Southern Hemisphere citrus producers and importers are riding the popularity wave for mandarins and other easy-to-peel citrus varieties, and they say that sector will continue to grow.
Demand for summer citrus, in general, has continued to increase during the past decade, and importers say they also don’t see that waning any time soon.
“The volume of summer citrus imports continues to grow each year, and demand has grown along with it,” said Kim Flores, marketing manager for Vero Beach, Fla.-based Seald Sweet International. “Since the beginning of the Southern Hemisphere/summer citrus program in the late 1990s, we’ve seen the volumes of summer citrus imports into the U.S. quadruple.
“Demand for mandarins, clementines and the easy-peel category has continually grown tremendously, especially over the last several years. This is the growth commodity of the citrus category.”
Seald Sweet imports citrus, including navels and mandarins, from South Africa, Chile, Peru, Uruguay and Australia.
Nearly a decade in the making, Seald Sweet finally gained access for Uruguayan citrus to enter the U.S. market last season, when they imported a limited volume as test shipments.
“The quality of citrus from Uruguay is outstanding, and the availability of certain commodities nicely complements our existing lines of high-quality citrus from other regions,” Flores said.
This year, the grower-packer hopes to increase shipments.
Also a first last season was bringing citrus from the Mildura region of Australia through the port of Long Beach, Calif. It worked so well that Seald Sweet plans to increase the program substantially this year, said Dave Brocksmith, Australia category manager.
If the weather holds, DNE World Fruit Sales LLC, Fort Pierce, Fla., expects an increase in South African clementines and grapefruit this season, said Kathy Hearl, marketing promotions manager. Volumes of South African navels and red-flesh cara cara oranges should be similar to last year.
Chilean shipments of clementines started a couple of weeks earlier than last year and should have volumes similar to slightly higher than last season. Late Murcott tangor volume should be up while Chilean navels should be similar to slightly less than last year, she said.
But the grower-packer expects to see slightly fewer tangerines and minneolas and about the same volume of navels from Australia this season. Aussie Sweet mandarin volumes should be higher than last year.
Australian citrus producers nationwide have reported good growing conditions, with summer heat that promoted higher sugars and lower acidity, said Andrew Harty, market development manager, and Nathan Hancock, manager of market information and quality, both of Citrus Australia Ltd., Queensland.
Navels are running about one size down from last season, peaking at 72 and 88. But there won’t be a shortage of the larger-sized 56s for the U.S. program, they said in an e-mail.
Afourer tangor, a close relative of the mandarin, is peaking between 64-88, which is an ideal size for the U.S. market, Harty and Hancock said.
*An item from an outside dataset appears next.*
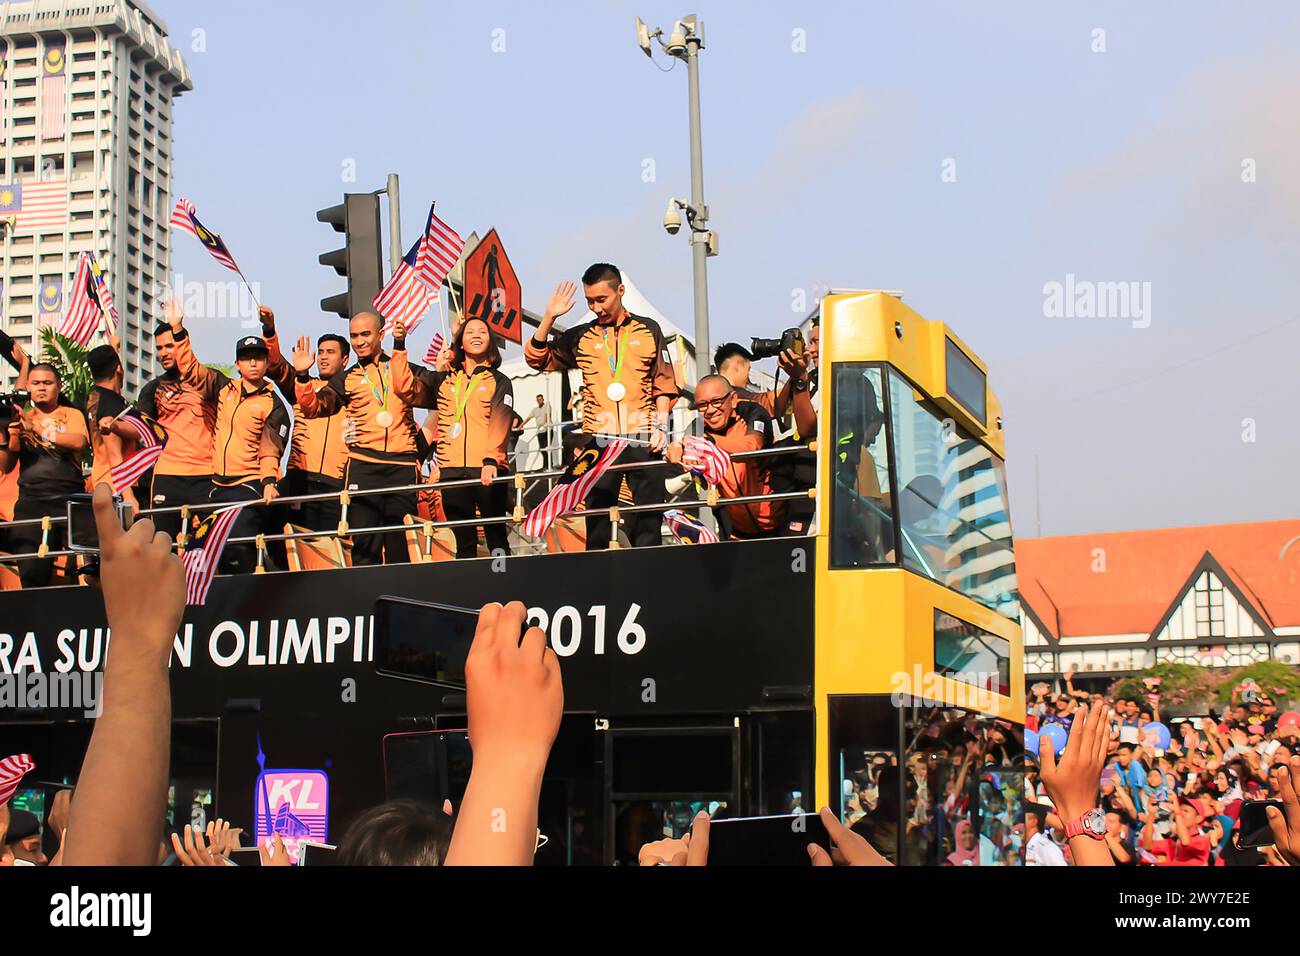 KUALA LUMPUR - AUGUST 31, 2017: A row of athletes on the bus consists of Lee Chong Wei, Pandelela Rinong and other during 60th Celebrations, Malaysian Stock Photo

Overall, growers down under expect a similar-sized orange program as last year — about 550 40-foot containers, with about 95% of those being navels. Included will be the new navel variety M7 and cara cara navel.
Southern hemisphere citrus faces heavy competition from other summer fruit, such as stone fruit, grapes, melons and apples. So Hearl said it’s important for retailers to be well informed of promotional opportunities. They also should advertise citrus regularly to keep it front of mind with consumers and create themed ads, such as back to school in August.
Point-of-sale materials and in-store sampling can be used to help educate consumers about imported citrus, she said.